Pettaway was terrific in King’s 40-6 semifinal victory over Livonia Franklin, running for 147 yards and two touchdowns, giving him 1,629 yards and 22 TDs in 13 games.
But games like that didn’t happen early in the season for the youngster.
“He’s fit into the role that he’s molded for,” said Harvel. “It’s something I didn’t see from him early in the season, he’s getting the tough yards for us now.”
Early on Pettaway struggled adjusting to life in the PSL, where yards don’t come easy regardless of the competition.
“Our league, no matter what it might lack with a lot of good teams, everybody has a certain amount of athletes that can run and are physical,” Harvel explained. “That he sees every week in our league.
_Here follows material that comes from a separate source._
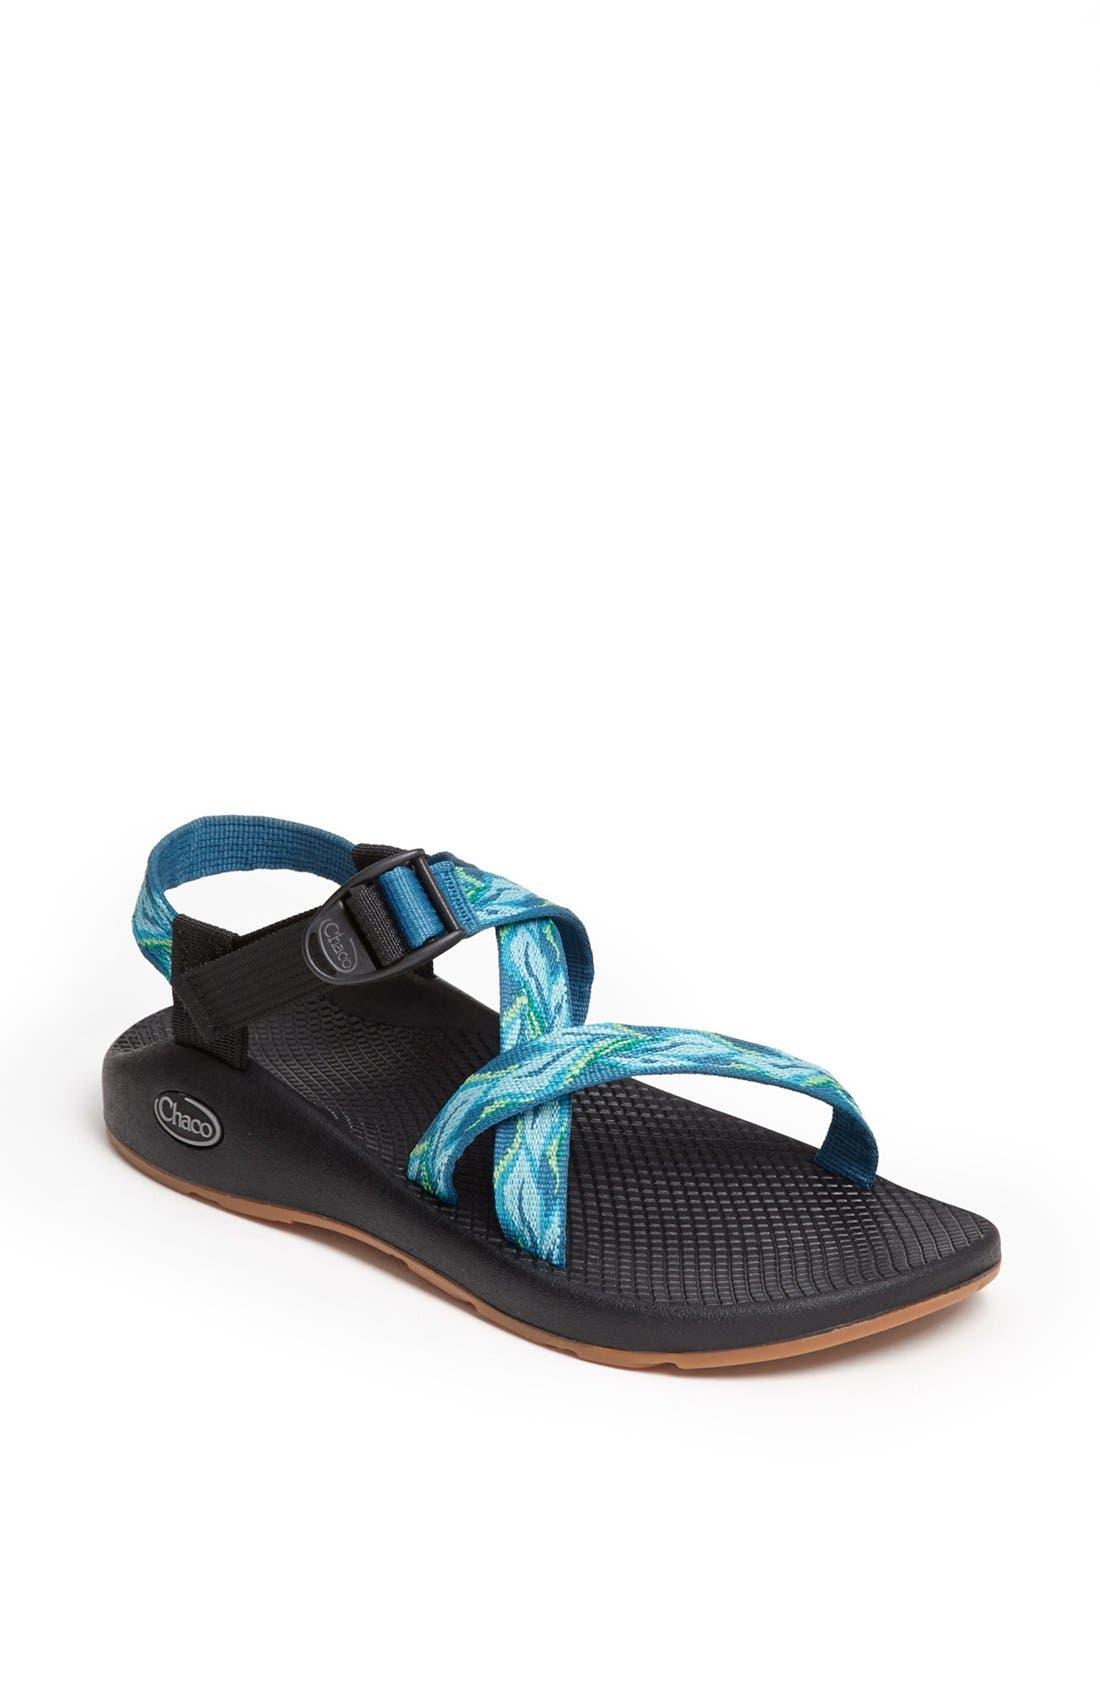 Main Image - Chaco 'Z1 Yampa' Sandal

A lot of guys he just can’t flat out out-run. He’s had to adjust his running style.”
Pettaway now runs hard inside between the tackles and is dishing out more punishment than he is receiving.
He has a grasp of what he is doing now. He is playing for his team, his school, his family and his departed best friend.
“I’m just playing, doing what I can do,” Pettaway said. “It’s very important. That’s the whole team goal, to win the state championship. And especially to win it for the family. That would be big, just to win another one and wear No. 32.”